После развода в части каждое утро обычно я садился за бумаги, а Леха делал бизнес. Я был удивлен, что солдат может заработать деньги из ничего. Его бизнес заключался в изготовлении браслетов для часов. Браслеты были выполнены из пластин эпоксидной смолы, со скорпионами внутри, которых полно было в Казахстане весной и летом. Солдаты ловили их, заливали смолой, шлифовали, и получались отличные браслеты для часов. Наверное, это был первый «бизнес», который я освоил в армии. Когда Леха уходил на дембель, он передал мне свои знания, и я начал делать деньги. Браслет стоил 25 рублей. Чтобы понять, что это были за деньги в 1977 году, скажу, что буханка хлеба стоила 16 копеек, один литр 95-го бензина – 20 копеек, бутылка водки – 3 рубля 20 копеек. Покупали мои браслеты солдаты из Таджикистана, Узбекистана и других республик СССР, кому родители присылали деньги.

Два года жизни в армии в Казахстане не прошли даром для меня. Помню свой первый выезд с дедом-сослуживцем из части на «точку» (так называли в степи станции слежения за полетом ракет, где обычно служили около 30—40 солдат и офицеров). Мы везли им питьевую воду.

Когда утром мы выехали из части и направились в степь на автомобиле ЗИЛ-157 (в армии эту машину называли «Колун» – автомобиль производства пятидесятых годов прошлого века, находился на вооружении СССР), я спросил у сослуживца:

– Куда мы едем? Там же нет дорог!

Вокруг пейзаж напоминал лунный или марсианский, для меня он был фантастический.

– Привыкнешь и будешь ориентироваться по холмам и компасу, – ответил солдат.

Когда через четыре часа езды по степи мы выехали на холм, представилась еще более удивительная картина: на холме на белом снегу виднелась станция темно-зеленого цвета, и создалось впечатление, что это не «точка», где живут солдаты, а спустился огромный космический корабль на этот холм.

Как чудесно нас встретили: накормили до отвала, я уже месяц так сытно и вкусно не ел. Пока сливалась вода, ребята все расспрашивали про мой родной город в Украине, про изменения на гражданке. А главное – все были приветливы, и мне так не хотелось уезжать обратно в часть, где опять деды и жесткая служба.
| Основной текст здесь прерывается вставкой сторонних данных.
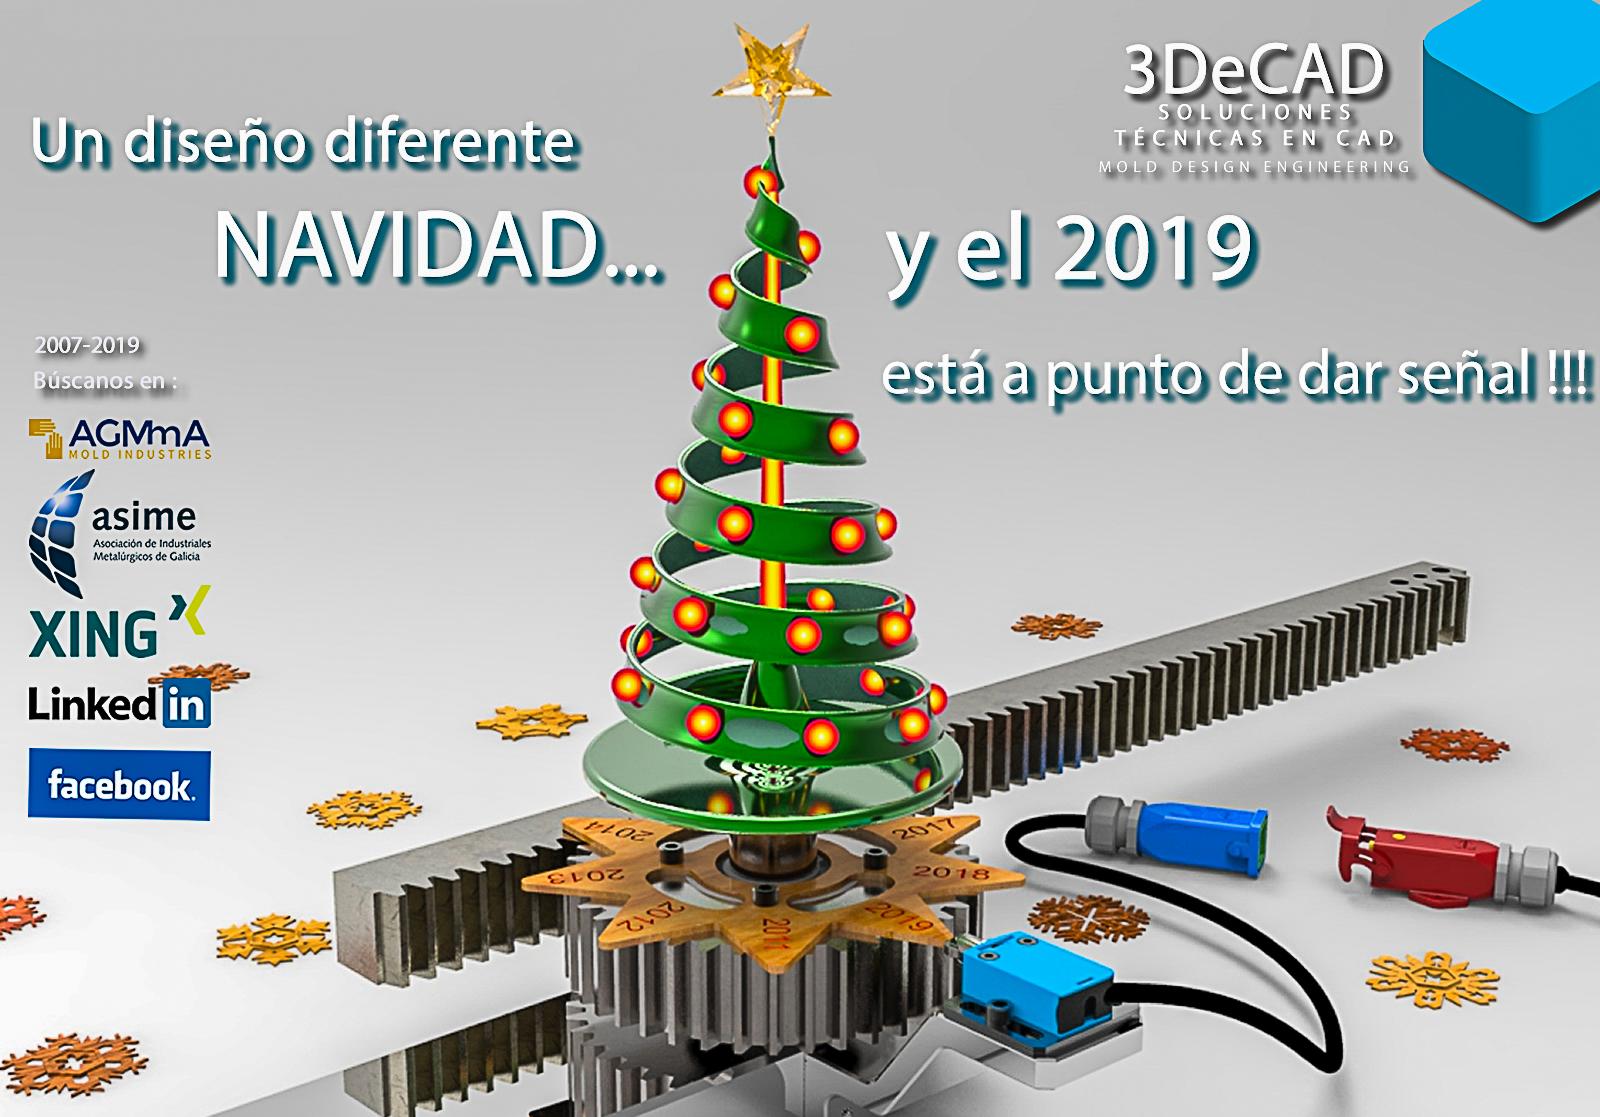 Imagenes Felicitacion Navidad 2019.Navidad Y El 2019 Esta A Punto De Dar Senal Felicitacion

Через полтора года меня назначили старшиной в роте. Рота была самая большая в части – 140 солдат. Мой командный голос разрывал тишину, когда мы маршировали по части.

Классно было летом. Озеро Балхаш, которое находилось неподалеку от нашей части, – уникальное место. Вода в нем лечебная, любой нарыв или рана затягивалась за два дня. А рыба – сколько ее мы наловили за время службы, конечно, под командованием офицеров. Место, где мы служили, идеально подходило для расположения санаториев и отелей, почти нет дождей, чистейшая вода, но здесь был полигон. Мы часто наблюдали за площадкой, где запускали ракеты ПВО. И мы своими глазами видели, как эти ракеты достигали цели, хотя расстояние было 8—12 километров, но все отчетливо было видно.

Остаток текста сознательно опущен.